> [Recorded data]
☆ ☆ ☆ ☆
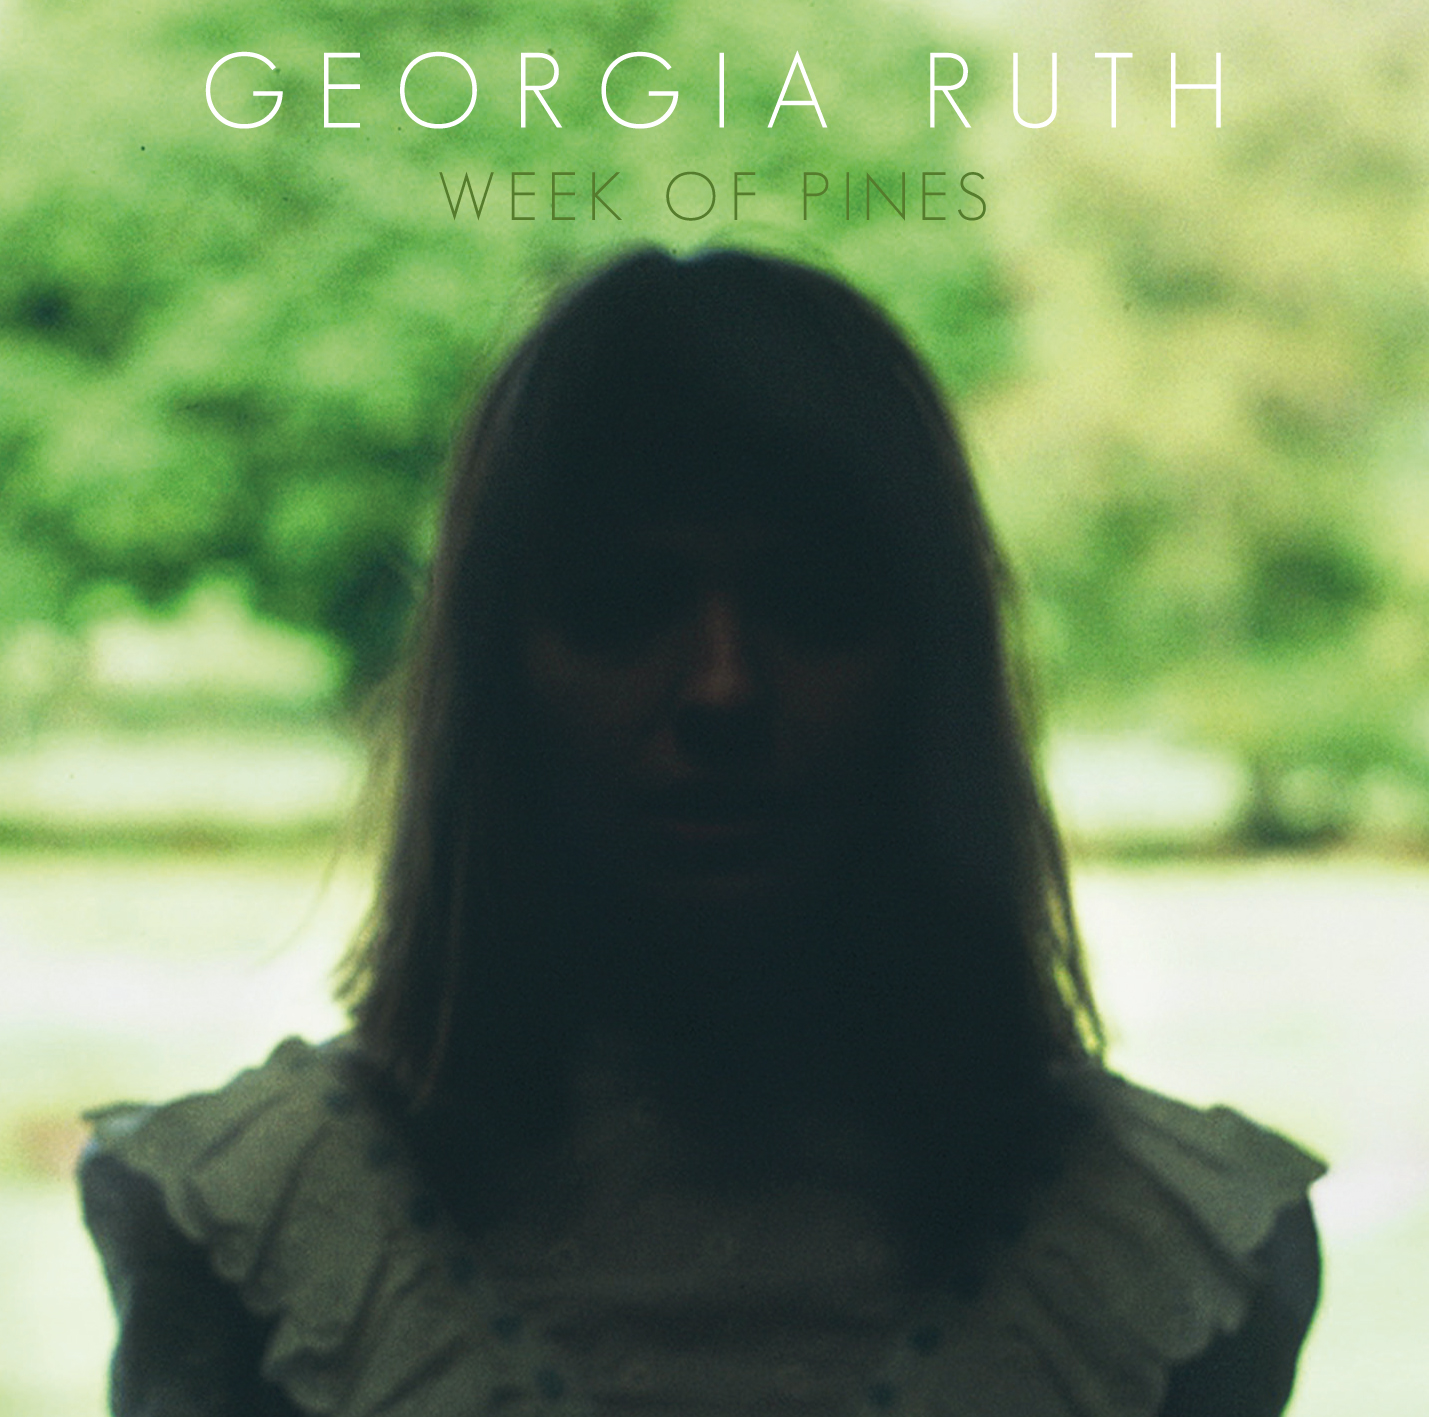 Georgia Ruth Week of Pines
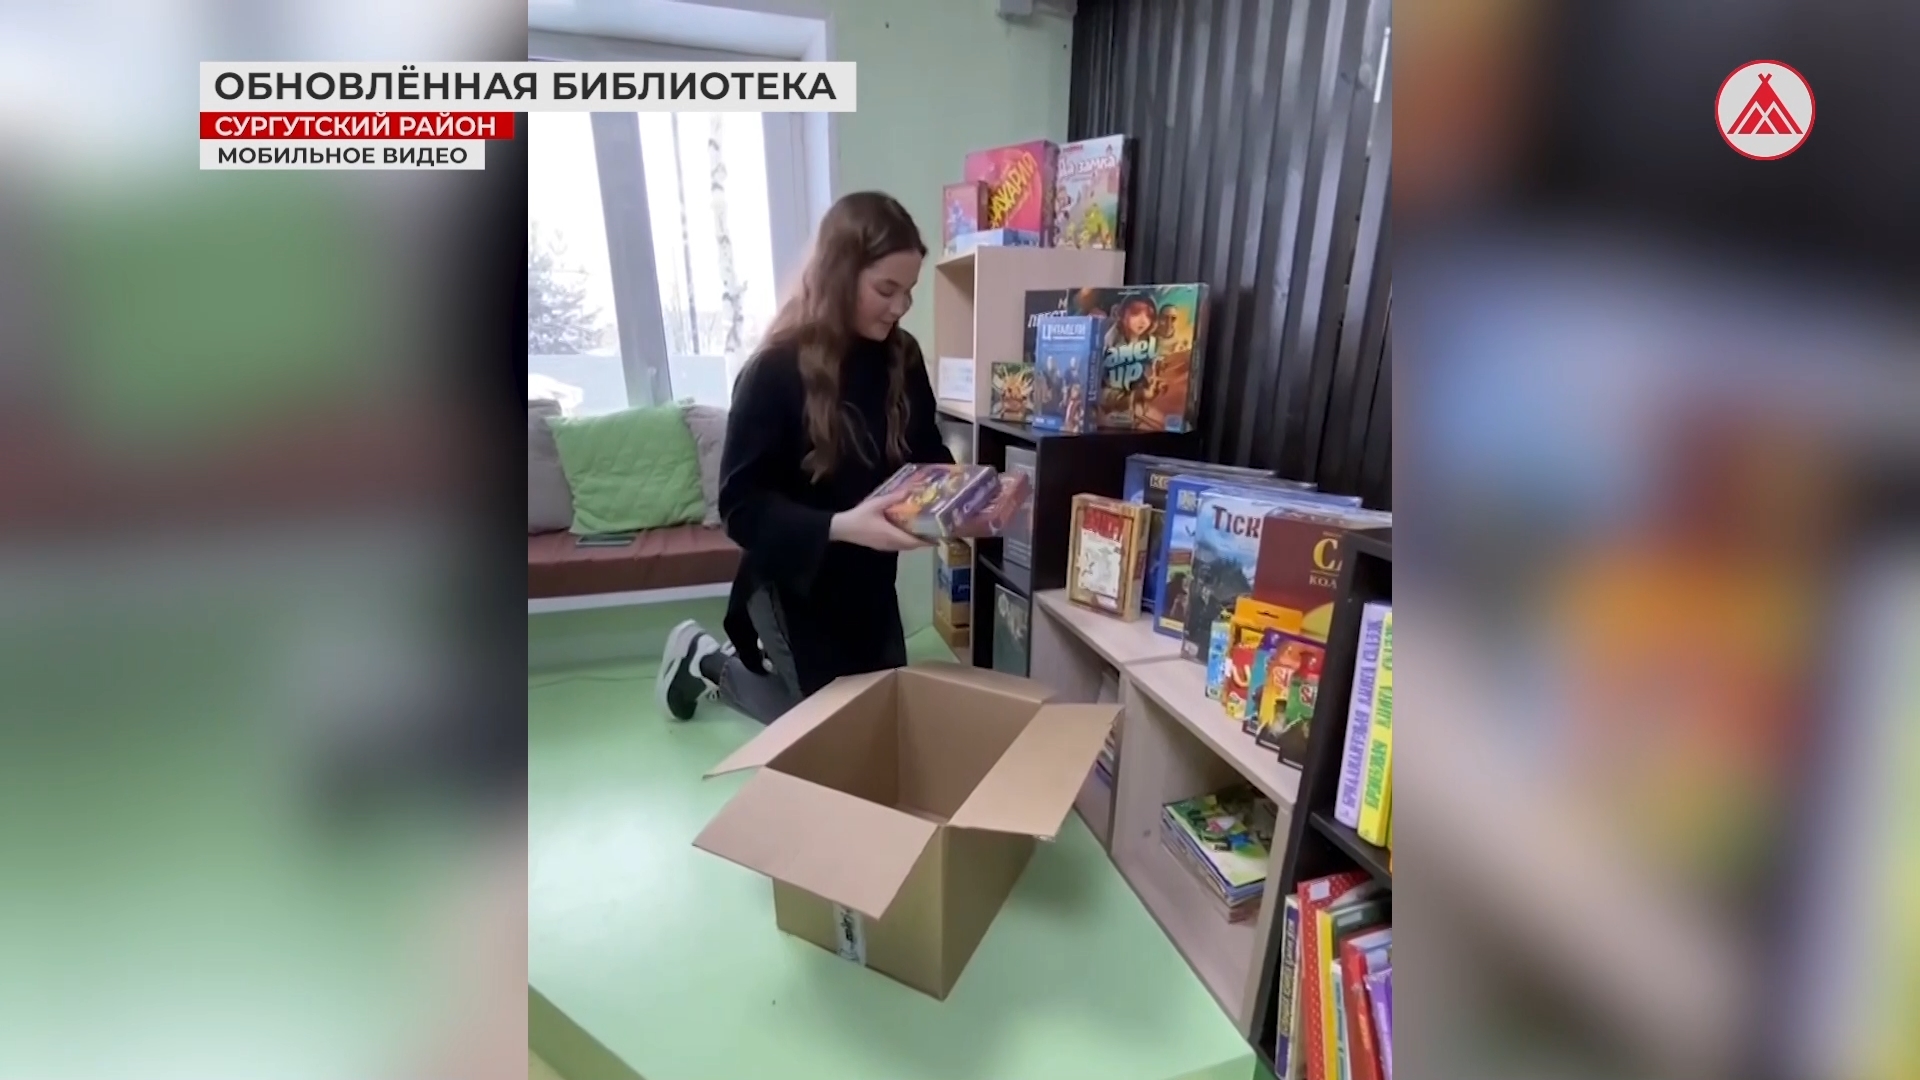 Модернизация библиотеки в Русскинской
☆ ☆ ☆ ☆
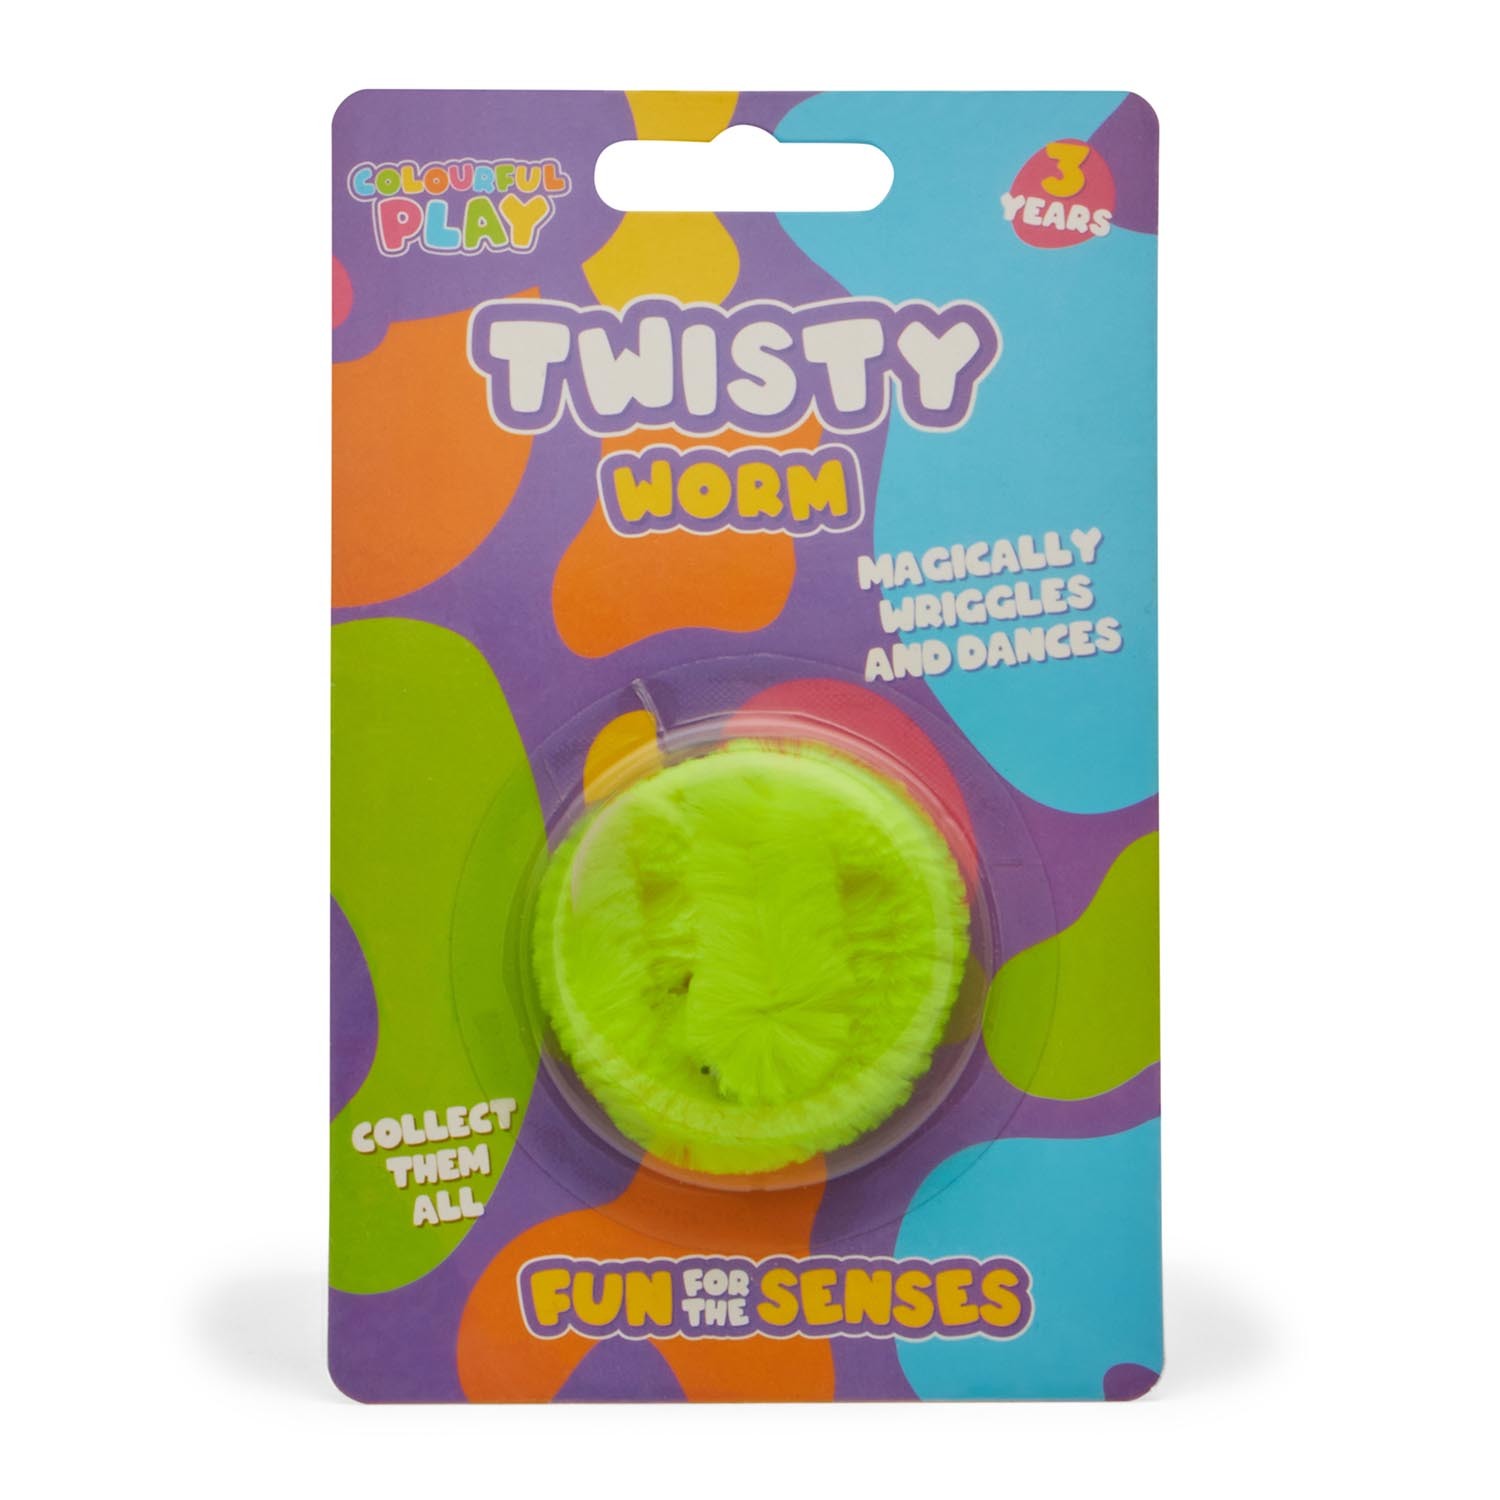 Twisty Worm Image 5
☆ ☆ ☆ ☆
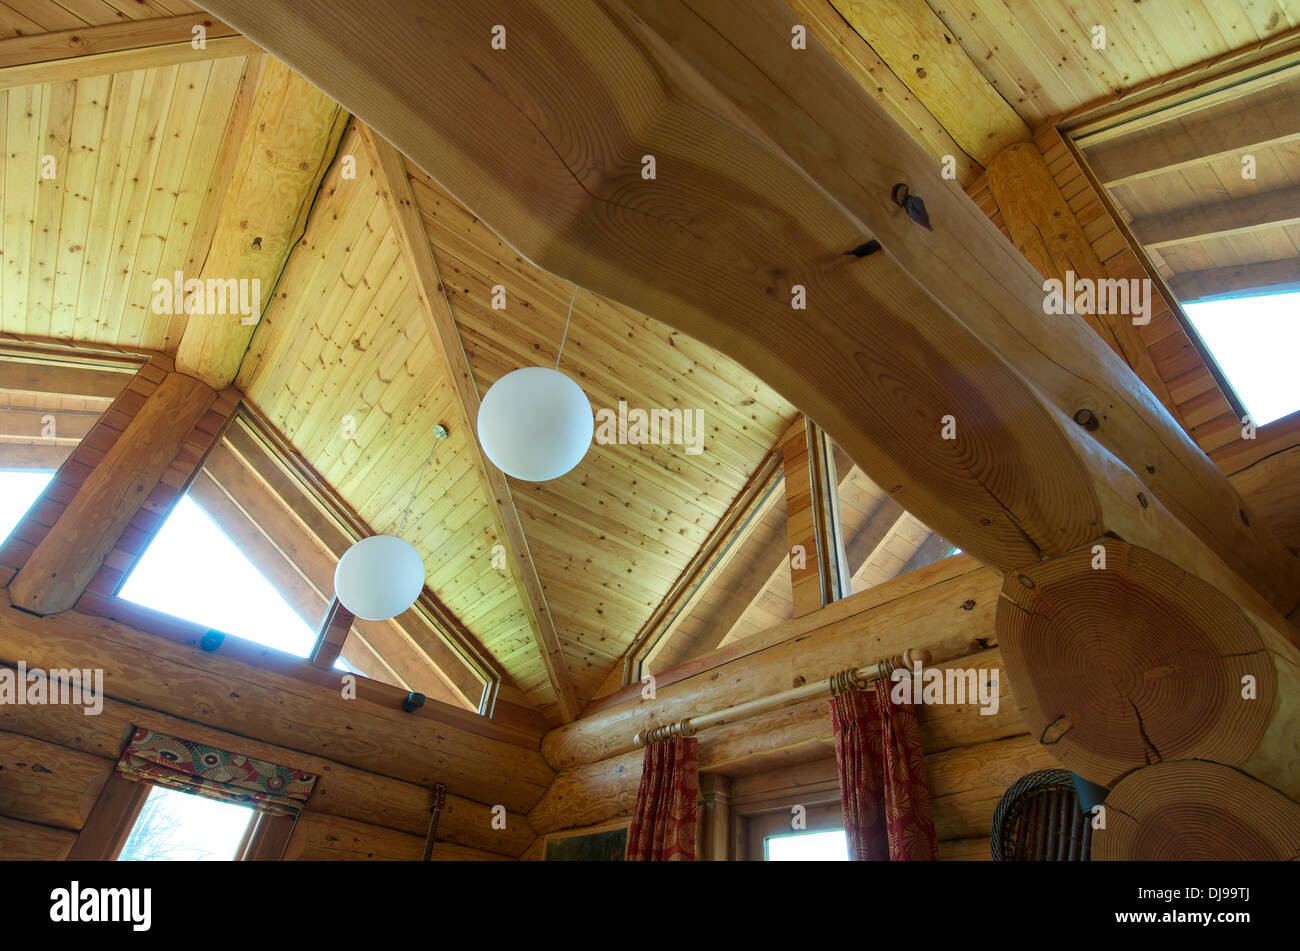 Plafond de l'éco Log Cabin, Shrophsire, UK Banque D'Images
☆ ☆ ☆ ☆
> [What you have to do] Using the entries above, extract exactly the lines from the one that contains "Georgia Ruth Week of Pines" through the one that contains "Модернизация библиотеки в Русскинской". Do not carry over any pictures.

> [Response]
 Georgia Ruth Week of Pines
 Модернизация библиотеки в Русскинской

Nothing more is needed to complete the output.